The major aim of Diakonhjemmet is to ensure outdoor areas are accessible to students, researchers, teachers, staff, patients, elderly care residents, the kindergarten, and the local community. Attractive facilities such as parks and pedestrian areas will be used as active spaces but also as places for reflection.
The vision for this project is that it should be an example of how we can best take care of our planet. This is achieved by stimulating biodiversity and the installation of green facades and roofs, which is particularly important when building in dense urban areas. This is closely linked to the identity of the upper secondary school and the college. Students will experience bio-based materials when entering the school.
The schools should be perceived as open, accessible, and welcoming. Larger openings in the facade facing the square make it possible, when weather permits, to move furniture out onto the square. The furniture is selected so that it can withstand being indoors and outdoors. This helps to merge indoor and outdoor spaces in and around the school. Students and passers-by are invited into the community and can buy coffee and food in the cafe or canteen.
The canteen will be separate from the school's other areas. In the evening, it can be used separately from other functions and rented out as banquet halls for residents, campus users, or students for private events. This offering will provide an active urban environment in the square that can extend beyond the campus and into the local community.
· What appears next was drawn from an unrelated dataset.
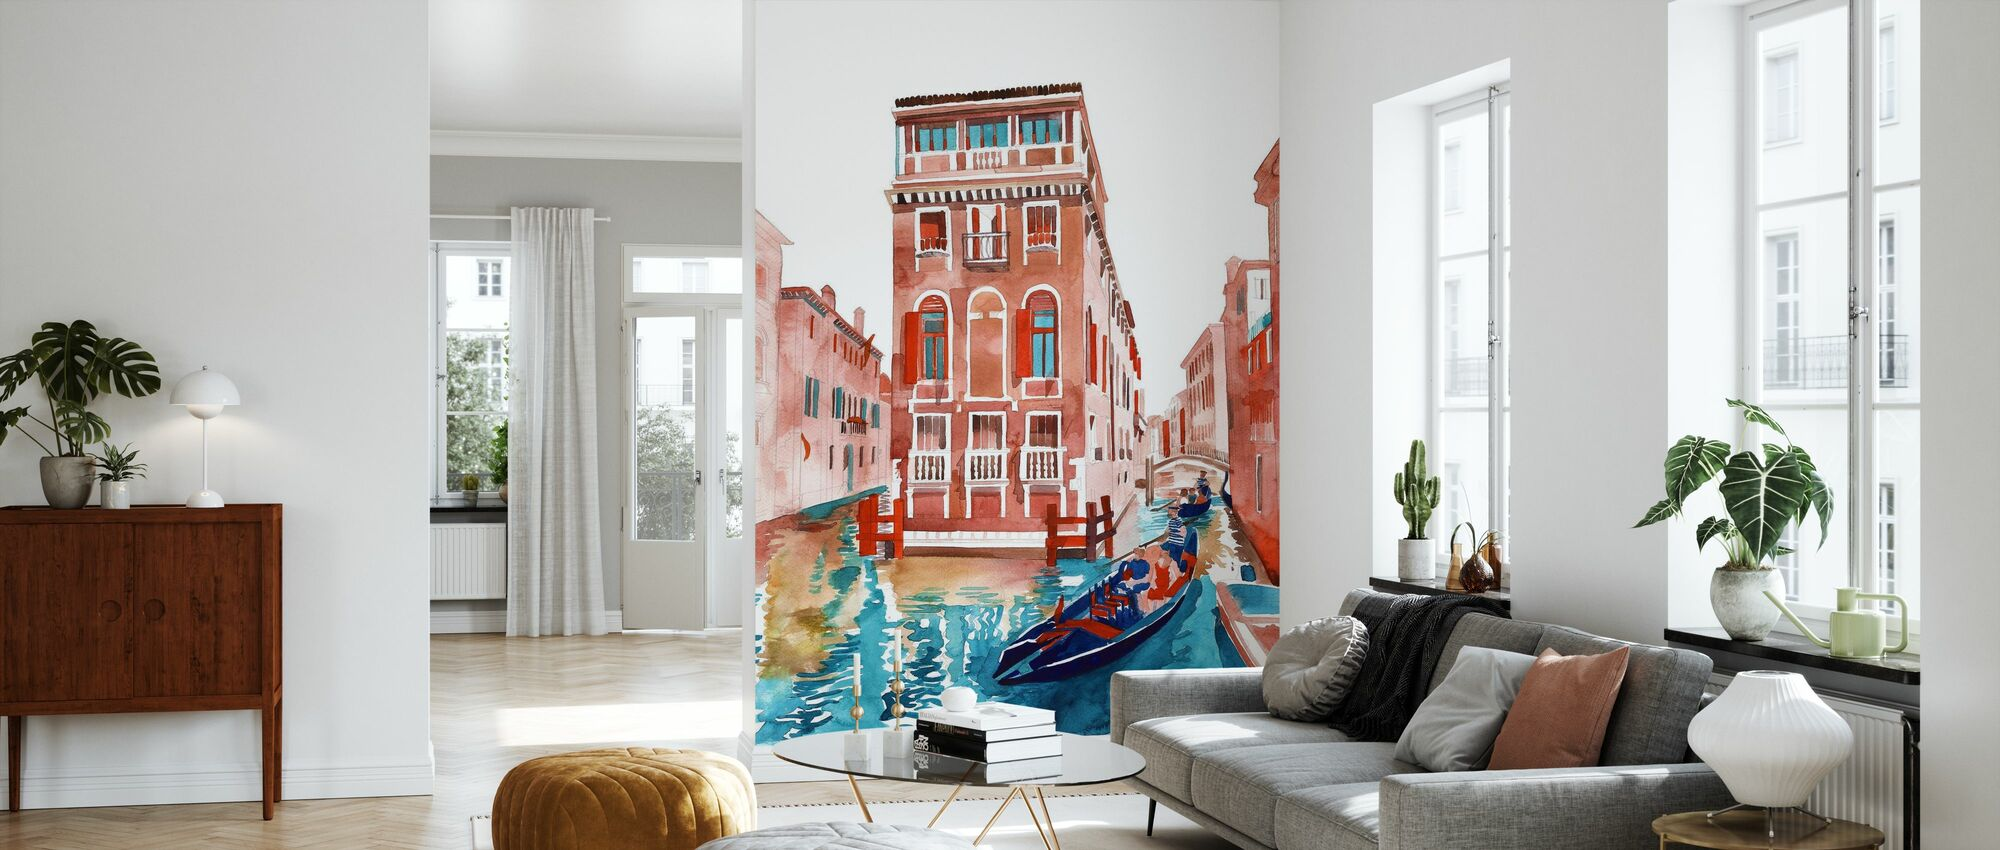 Venice Street - Wallpaper - Living Room
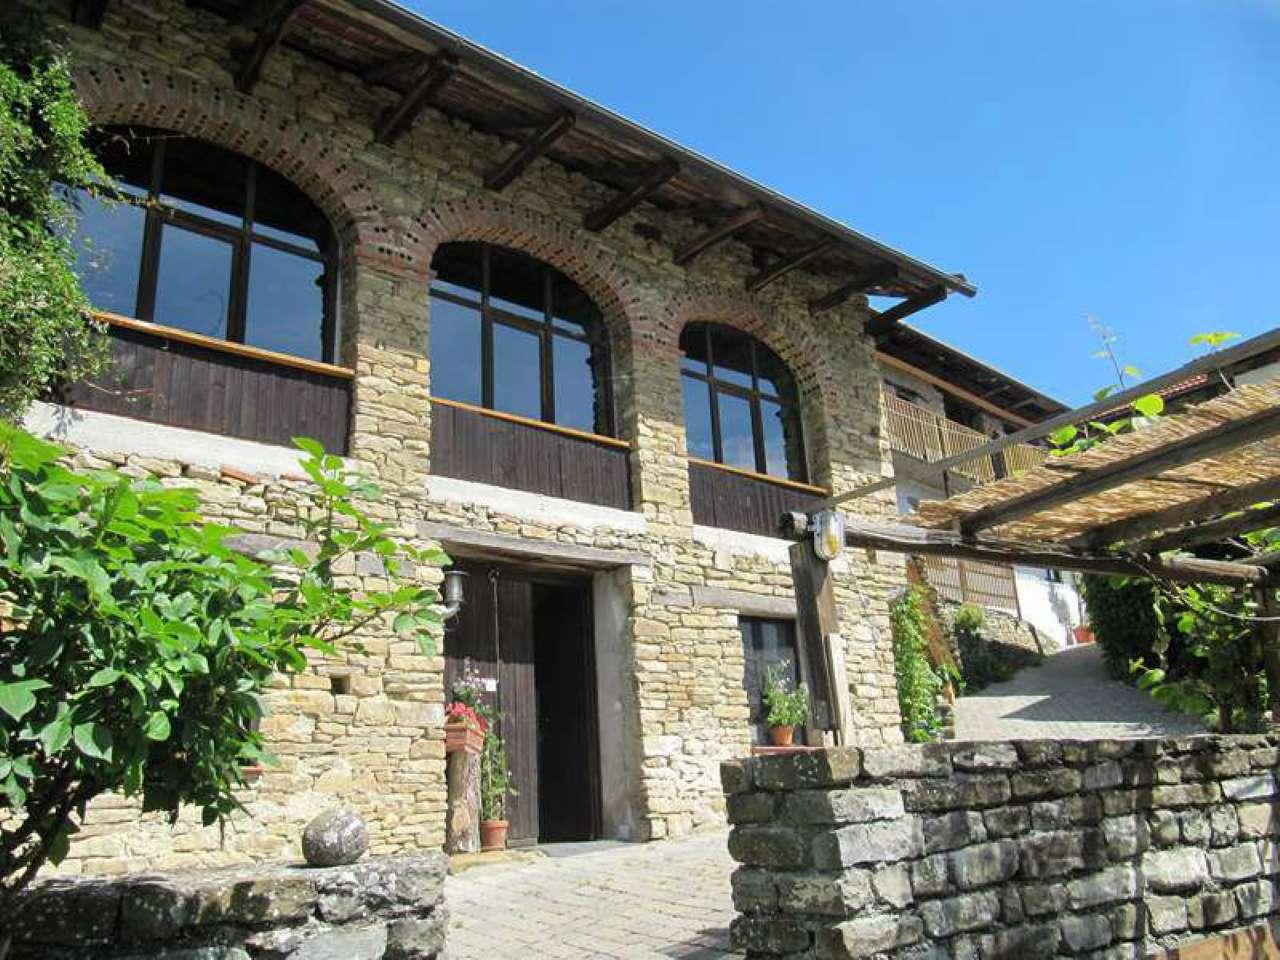 Rustico / Casale in vendita a Cortemilia, 20 locali, prezzo € 390.000 | Cambio Casa.it

To the delight of residents in and around Diakonhjemmet's garden, both morning and evening, on weekdays and weekends, year-round.
"Both the school and the university will contribute to creating a vibrant area and campus in Diakonhjemmet's garden, to the delight of the city and the local community. Our proposal is ambitious and innovative buildings that provide optimal teaching conditions and high environmental ambitions," says Kasper Kyndesen, Design Director at Henning Larsen.
Both the school and the university will contribute to creating a vibrant area and campus in Diakonhjemmet's garden, to the delight of the city and the local community.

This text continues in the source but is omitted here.